А потом совпали сразу два события, в возможность которых он уже перестал, или почти перестал, верить. От Элизабет пришло письмо, она писала, что едет в Швейцарию навестить подругу и охотно остановится ненадолго во Фрайбурге, чтобы повидаться с ним, если, конечно, ему удобно. Она сообщила и день приезда, и время прибытия поезда и торопила с ответом. Видимо, хотела скрыть их свидание от домашних, потому что телеграмму просила прислать в клинику, где она работает.
Последнее его особенно взволновало. Ведь и ему нужно утаить эту встречу, а именно сейчас, когда он каждый день бывал у Йованки, это было нелегким и щекотливым делом. Он и Элизабет, они оба становились заговорщиками, связанными общей тайной, хоть он и затруднился бы объяснить, в чем суть их заговора. Главное – они будут вместе, и об этом никто не должен знать. Уже в одном этом чувствовалось освобождение, хмельное дыхание совместного предательства.
Он тут же побежал на почту и отправил телеграмму: «Очень рад. Жду у поезда».
В приподнятом настроении, словно ему открылись какие-то новые виды на будущее, он отправился в университет, где намеревался, как и все последние дни, продолжить поиски врача для Йованки. До сих пор ему в лучшем случае удавалось заручиться лишь туманными посулами – люди обещали что-нибудь разузнать и больше не объявлялись. Однако на сей раз в студенческой столовой к нему подошел давний знакомый, еще по медицинскому факультету, и дал телефон.
– Это то, что тебе нужно, – сказал он. – Мужик, говорят, первый сорт. Учился у нас, правда, не кончил, сейчас коммивояжер фармацевтической фирмы. Для него это, конечно, всего лишь приработок, но дело он знает. Правда, берет он недешево. Что-то около тысячи.
– Спасибо, – проговорил Фогтман. – Большое спасибо.
Он не отрываясь смотрел на листок с пятизначным номером. Эти цифры были тайным кодом к слову «будущее».

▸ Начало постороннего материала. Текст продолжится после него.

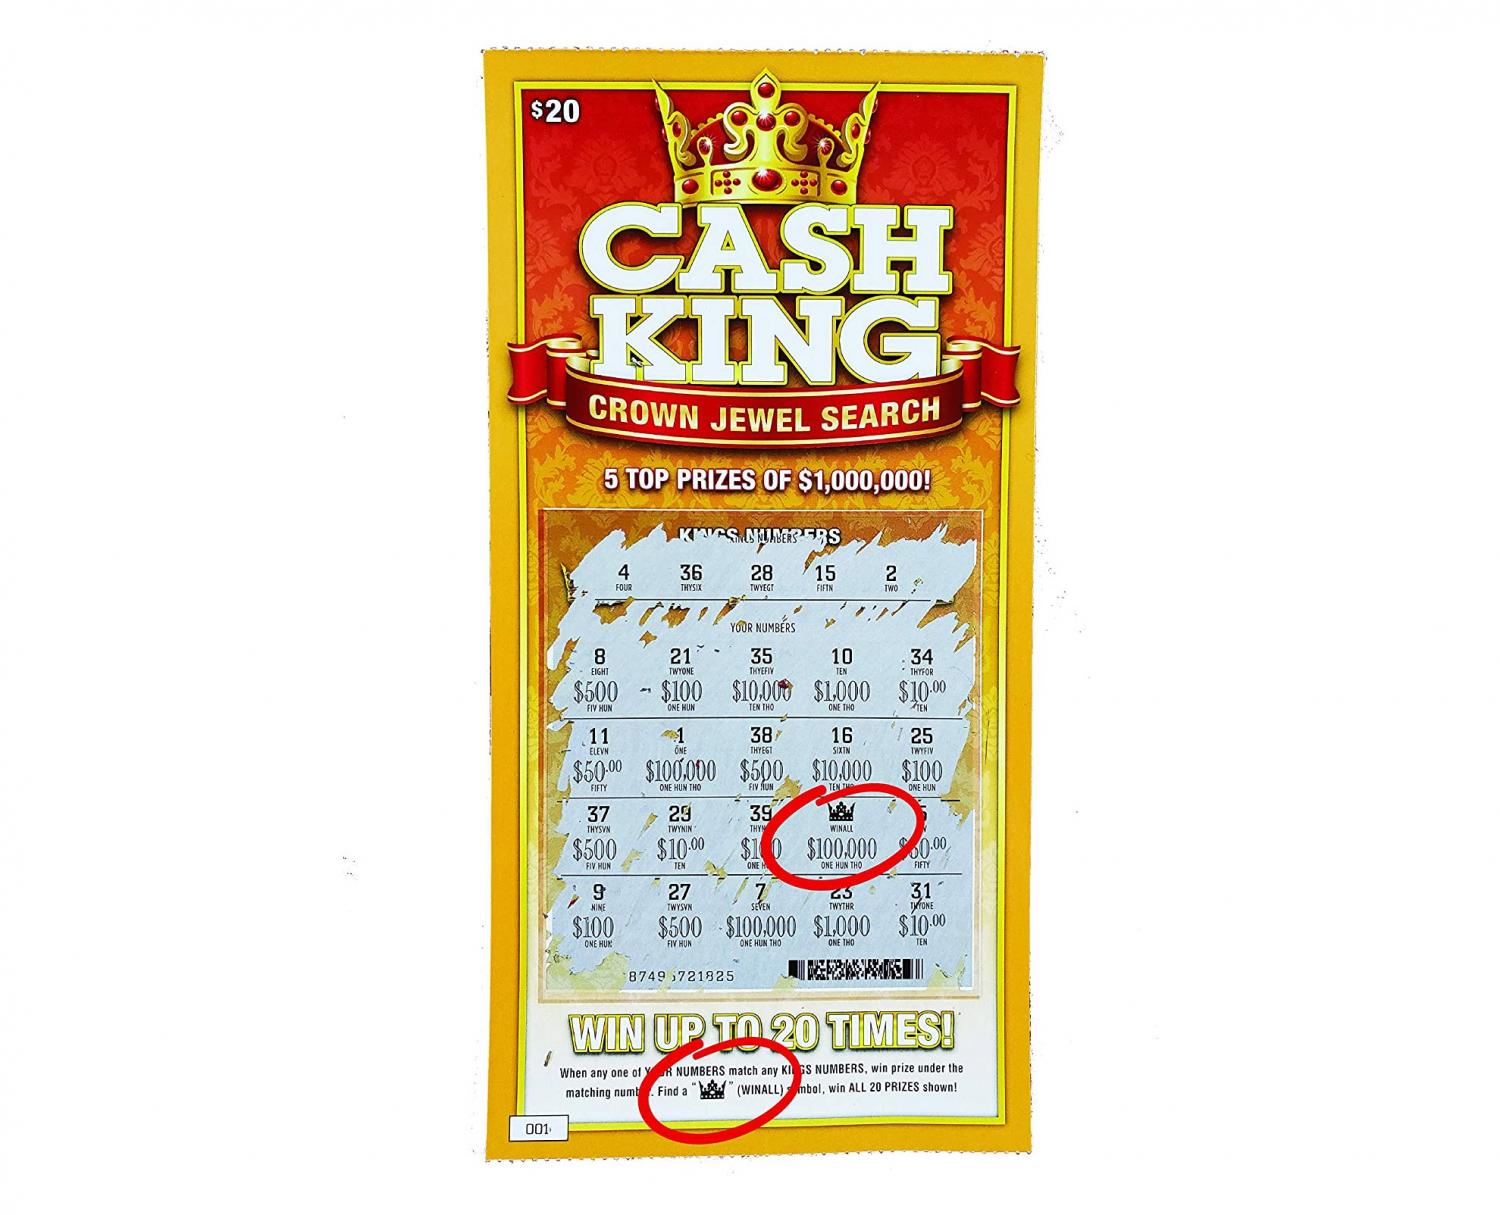 Prank Scratch-Off Lottery Tickets That Always Show You Won The Jackpot

Незнакомец, пробурчавший в трубку лишь невнятное «да», теперь назвался Вальтером Бройером. Сейчас, когда этот неожиданно маленький и полный человек подошел к их столику и представился, Фогтман усомнился, что это его настоящее имя. Как и было условлено, они с Йованкой ждали его здесь в кафе, положив на стол опознавательный знак – маленький зеленый сверток, в котором был задаток, сто марок. Правда, о том, что в свертке деньги, Йованка не знала. Для нее это был всего лишь предварительный разговор, на который она согласилась после долгих просьб и увещеваний, и сейчас, увидев этого человечка, его покатые округлые плечи, жабье лицо, маленькие ручки, он подумал, что все сорвется. Однако Йованка сразу прониклась к нему доверием, и вскоре Фогтман с удивлением обнаружил, что этот Вальтер Бройер ей даже нравится.
– Он такой веселый, – сказала она, когда они остались наедине. Она и вправду поминутно смеялась его остротам. А шутки были глупые, Бройер потешался над своей фигурой и своей страстью к пирожным, наглядно продемонстрировав ее на изрядном куске сливочного торта. Но если Фогтман сумел отреагировать на эти потуги остроумия лишь вымученной, вежливой улыбкой, то Йованка, похоже, веселилась от души. Быть может, она потому так радовалась всем этим кривляниям, что за последние недели слишком устала от тягостно-серьезных разговоров. А может, что-то в этих грубоватых шутках отвечало ее крестьянской натуре? Как бы там ни было, он ей приглянулся. В обществе Бройера она показалась ему гораздо примитивней, чем он привык думать, и хотя он испытывал облегчение от того, что дело идет на лад, внутренне он от нее отстранился. Что-то смешное и отрезвляюще-бесхитростное открылось вдруг в этой истории.
Дальше все покатилось само собой. Йованка, дав согласие, ждала утешения. Он сорвал листок календаря – и Элизабет Патберг сошла с поезда. Господи, успел подумать он, это и вправду она! На руке у нее был светлый легкий плащ, в другой – небольшой чемоданчик. Она выискивала его глазами, стоя на площадке вагона, а когда увидела – улыбнулась.
Да – для нее он был здесь! Но не для Йованки – та считала, что он вместе со своей группой на экскурсии в Людвигсхафене и вернется только к ночи.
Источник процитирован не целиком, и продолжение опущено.